How this skill works

The skill models storage engines as ACSet schemas and computes morphism relationships, incidents, and Betti-number style coverage metrics to reveal information flow and irreversible mappings. Each comparison dimension is explored programmatically (storage, sparsity, dynamic/static, versioning, traversal, indexes, compression, query model, embeddings, interoperability, concurrency, memory). Outputs include ACSet representations, traversal patterns, and persistent-homology indicators for translation loss.

When to use it

  • Choosing between a columnar OLAP engine and a vector-first store for mixed analytics + search workloads
  • Evaluating schema evolution and versioning strategies for long-lived datasets
  • Designing interoperability paths when embedding vectors must interoperate with relational data
  • Auditing where semantic information is lost when translating between storage systems
  • Benchmarking storage and traversal trade-offs for hybrid analytic + embedding pipelines

Best practices

  • Represent each storage engine as an explicit ACSet schema before comparison to make morphisms first-class
  • Explore all 12 canonical dimensions; avoid optimizing a single metric in isolation
  • Use deterministic seeds (Gay.jl) for reproducible sampling across dimensions
  • Treat vector semantics as first-class: prefer VectorColumn-aware ACSet nodes when embeddings matter
  • Map versioning strategies explicitly (append-only vs in-place) to preserve temporal guarantees

Example use cases

  • Compare DuckDB-style rowgrouped columnar layout with LanceDB-style fragment + manifest vector store to decide storage layout
  • Detect translation dead zones where vector indexes or manifests cannot be losslessly mapped to a relational schema
  • Quantify density/sparsity trade-offs and expected compression for numeric and vector data across engines
  • Plan migration that preserves version semantics by mapping SDK, file, and table format morphisms
  • Generate interoperable type bindings (e.g., Pydantic/Jackson) from ACSet schemas for cross-language integration

FAQ

Does this skill require running both systems to compare them?
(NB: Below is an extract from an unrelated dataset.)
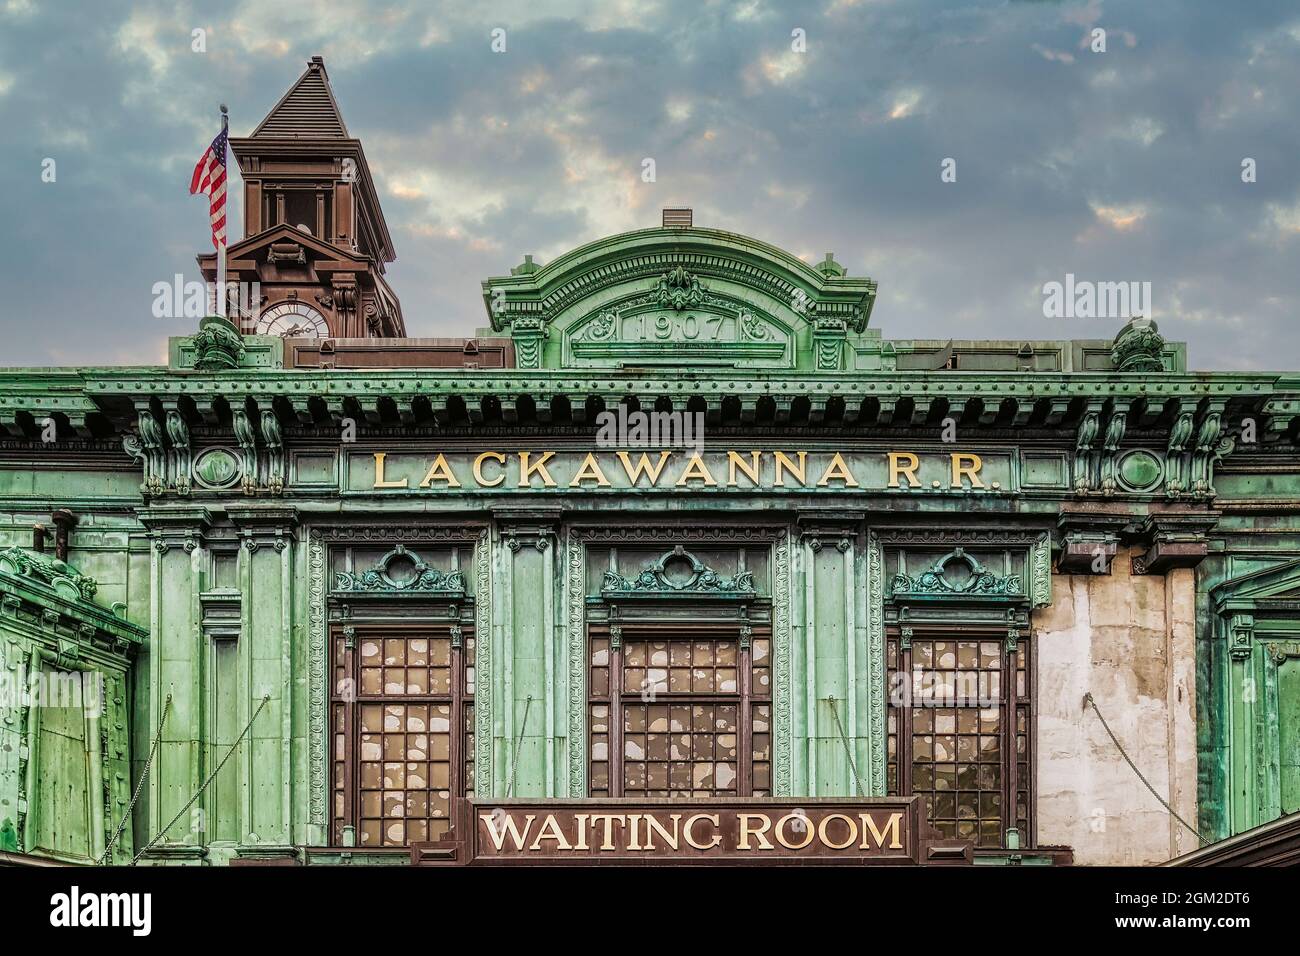 Lackawanna RR Warteraum - Erie Lackawanna Train Station Clock Tower in Hoboken, New Jersey. Dieses Bild ist sowohl in Farbe als auch in Schwarz und erhältlich Stockfoto

No. The comparison operates on ACSet schemas and morphisms that model structural and semantic properties; runtime traces are optional for deeper perf analysis.

Can it identify irreversible information loss between systems?

Yes. It flags dead zones and persistent homology features that indicate irreversible mappings, such as vector-index semantics lost when translating to plain columns.